The milk swills in her stomach and the toast rises in her throat as she thinks of the gore seeping out of her. If this is what being a woman means, she does not want it.
There is a pause and then ‘My Funny Valentine’ starts again in the next room, and she can hear her mother’s muffled movements through the floor, a crash as she bumps into something.
Lily would keep her company. ‘Lily,’ she calls softly.

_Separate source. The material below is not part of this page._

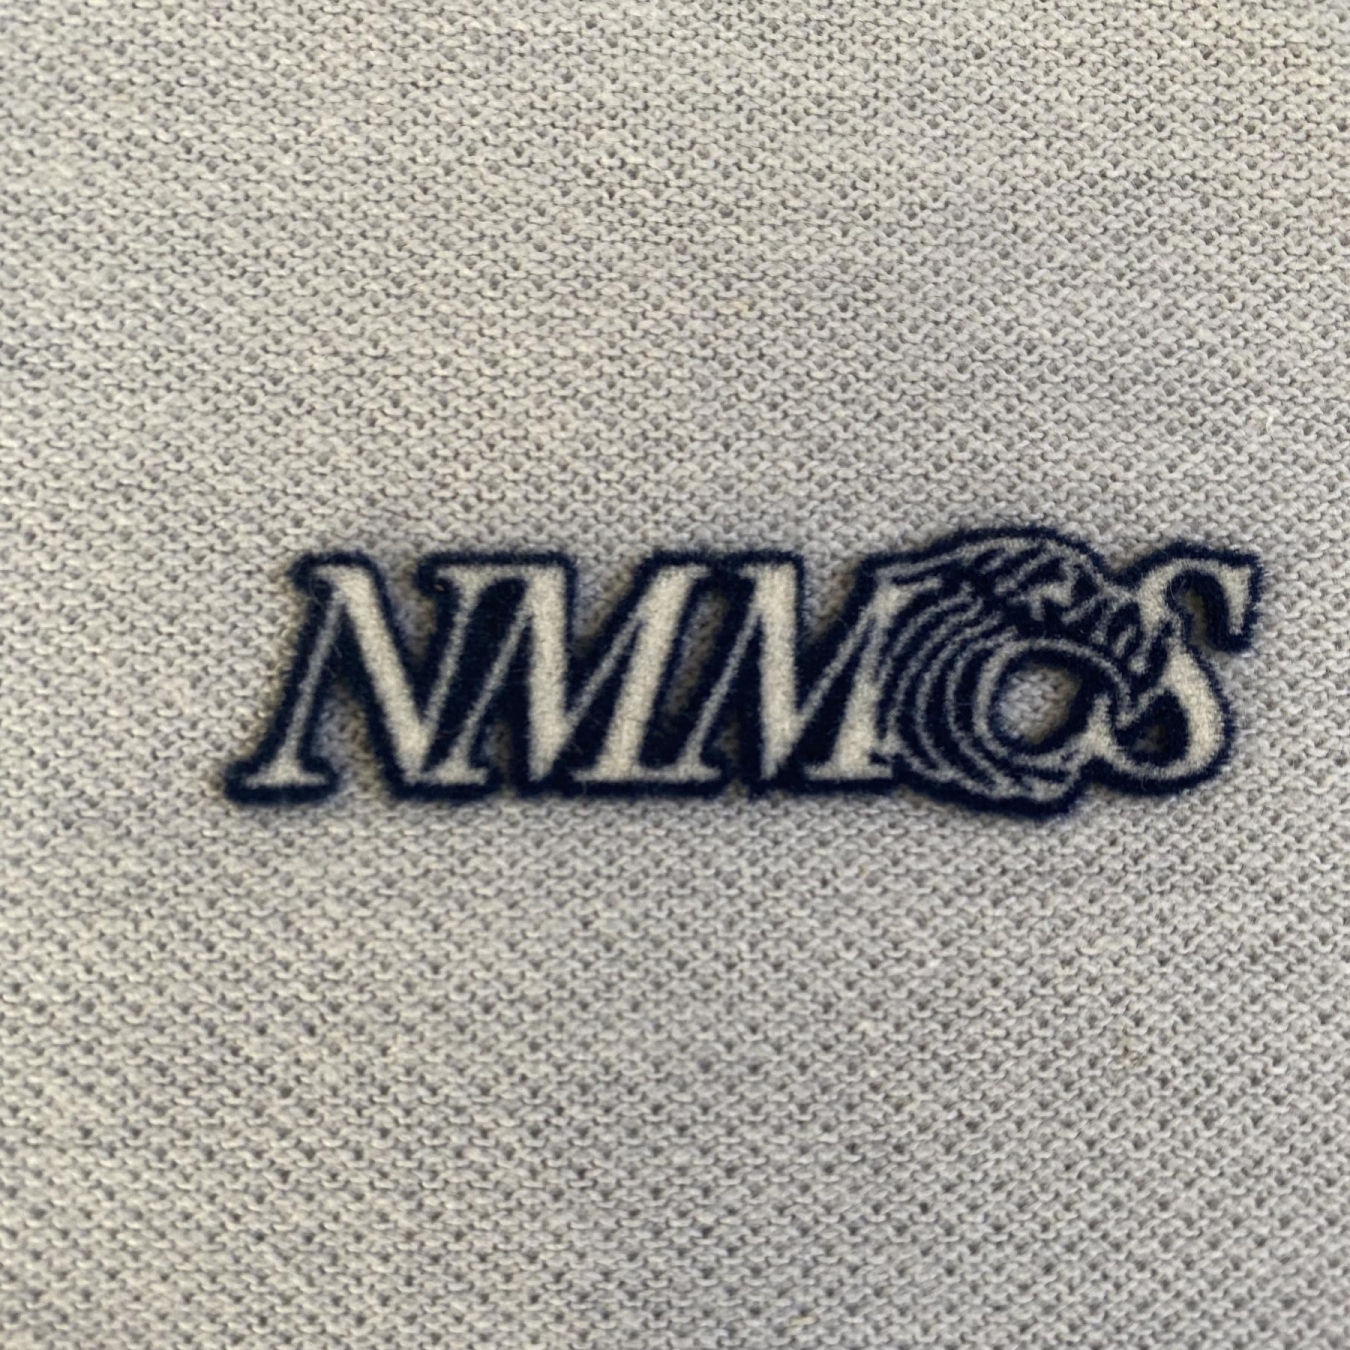 NMMCS Patch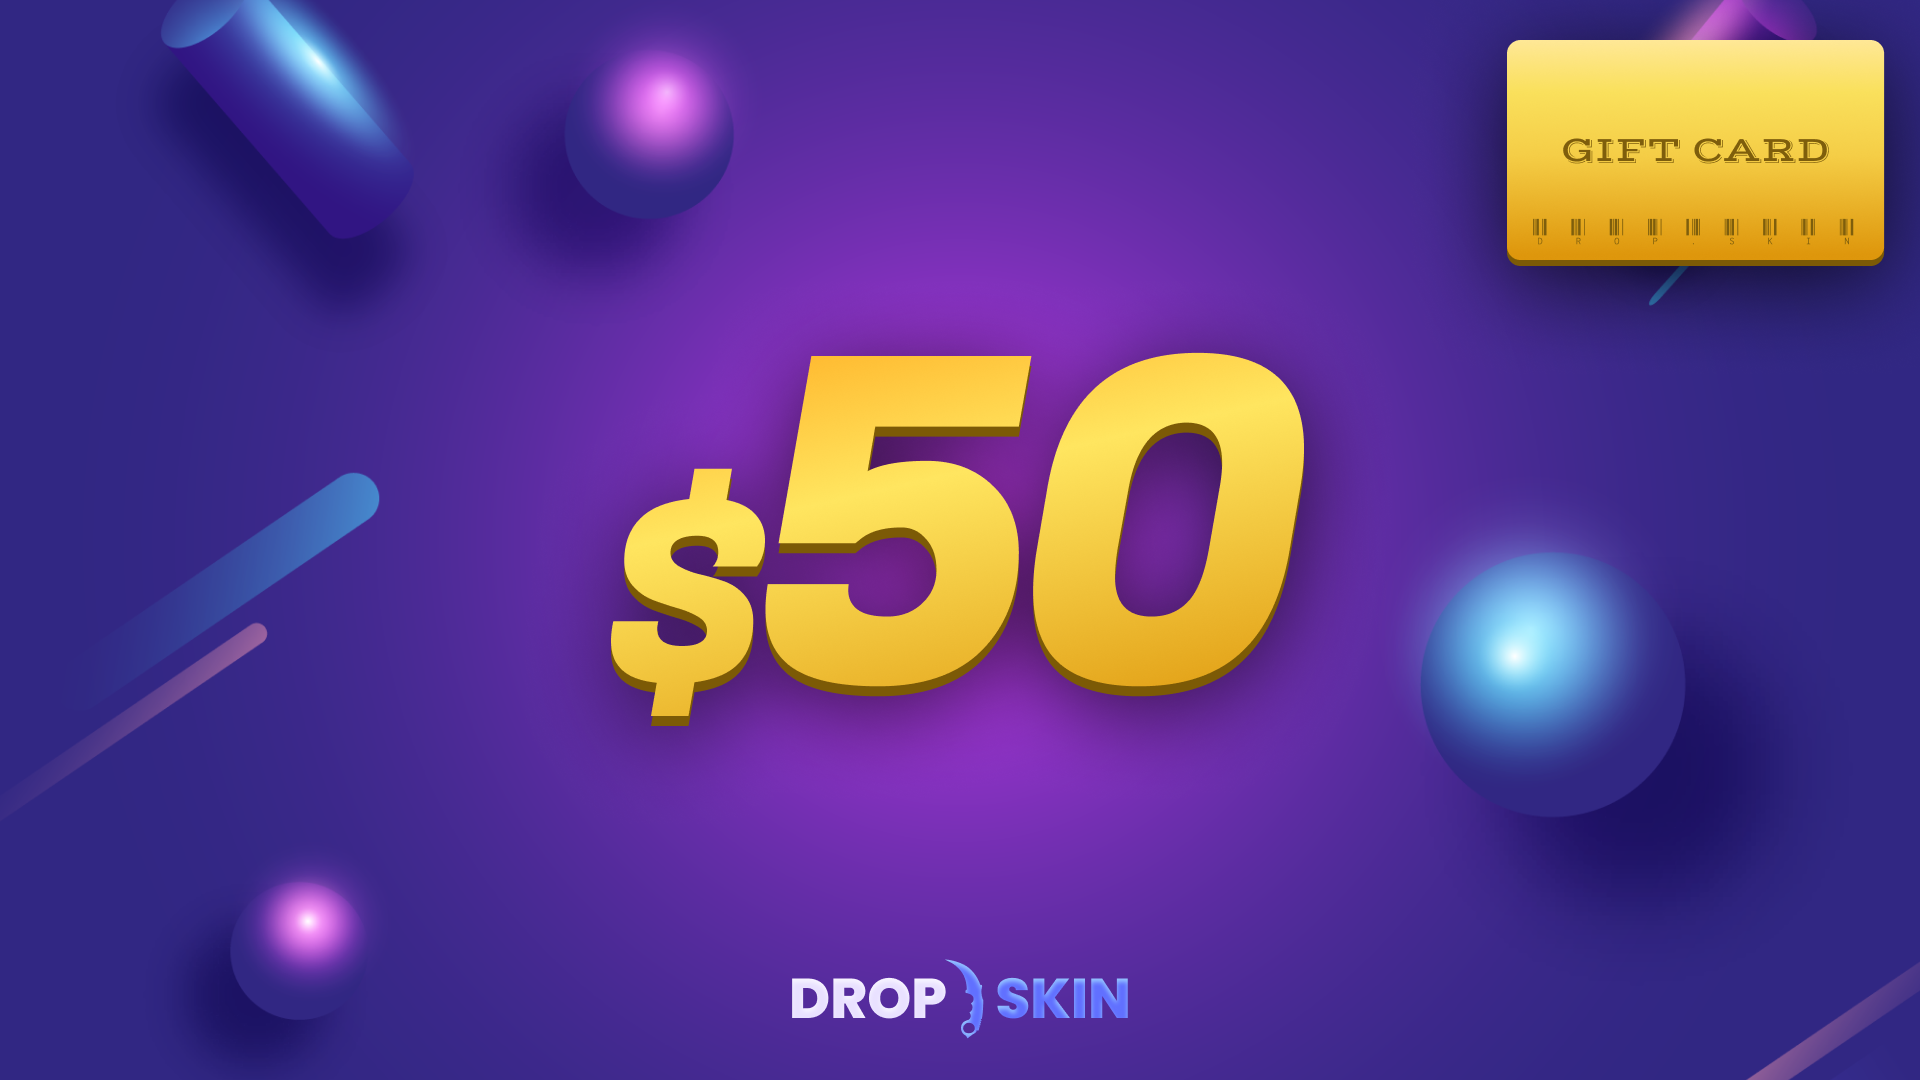 Drop.skin $50 Gift Card

She knows that other people cannot see Lily; that Frances thinks she is a nut, calls her drool-case if ever she talks about her. ‘It was fine when you were a babby,’ her mother had said. ‘A wee friend of the imagination. But not anymore.’ She had told her not to talk about Lily else people think her simple-minded.

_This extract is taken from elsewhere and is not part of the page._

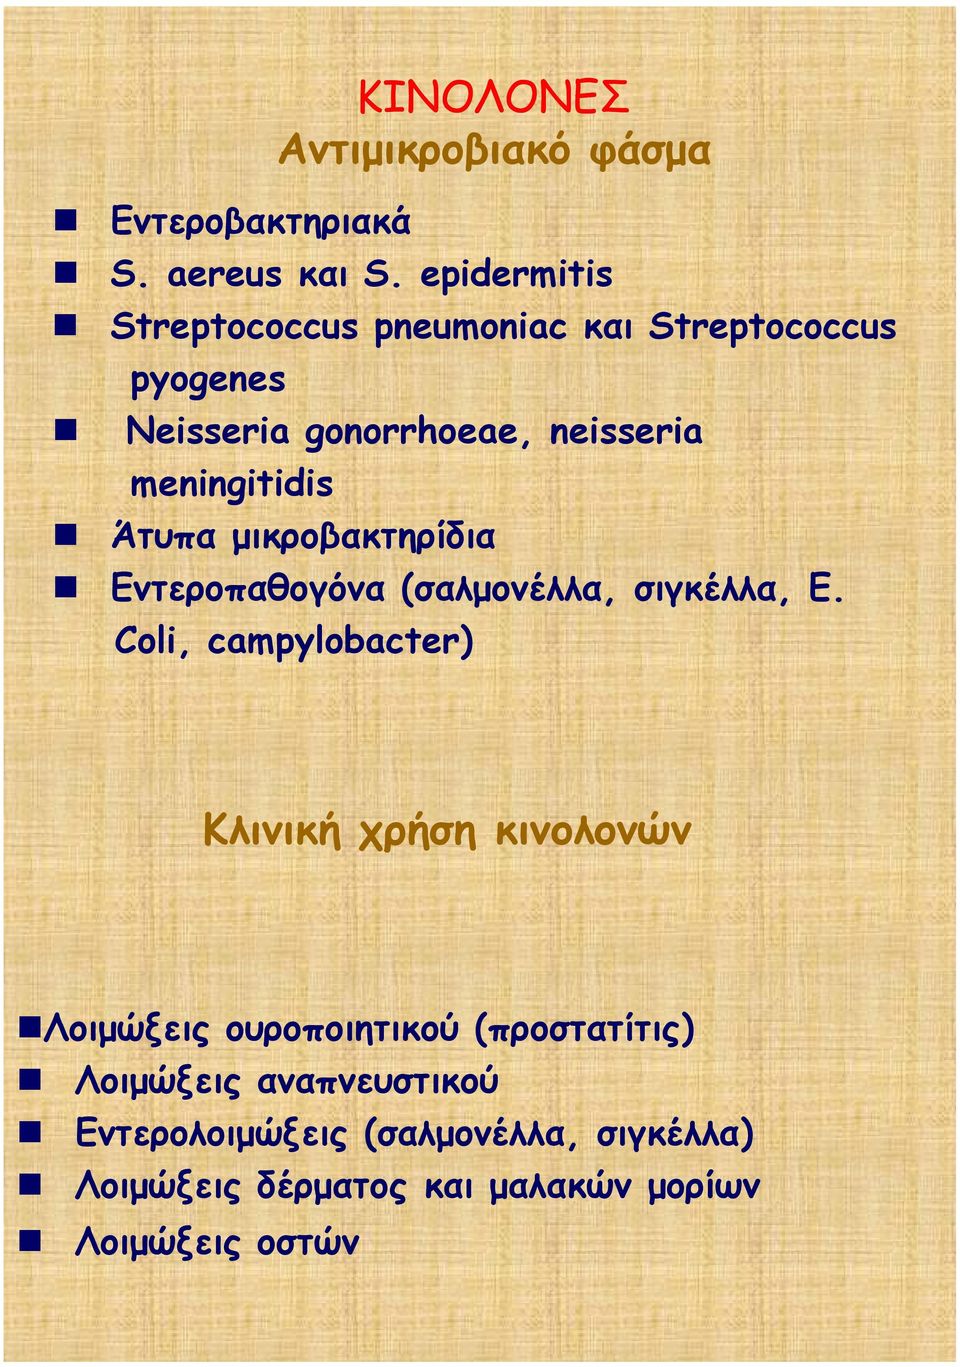 Άτυπα μικροβακτηρίδια Εντεροπαθογόνα (σαλμονέλλα, σιγκέλλα, E.

Even Nancy does not really believe. It is more like a comforting secret game, if rarely secret, or a game. Lily comes from England, straight out of the picture books Nancy has all about the place. She likes to roll the fancy words like London and Wimbledon around in her mouth as if they are bright marbles, along with Dover, Bristol, Kent, the words from the newspapers and the magazines. Nancy loves the grand, gay British sounds of ticklish, envelope and liquorice. Even though her mother hates the English, Nancy and Lily play milkmaids in the street, filling their pails with puddle water and manhandling the udders of imaginary cows to bring their labours to the court of King George.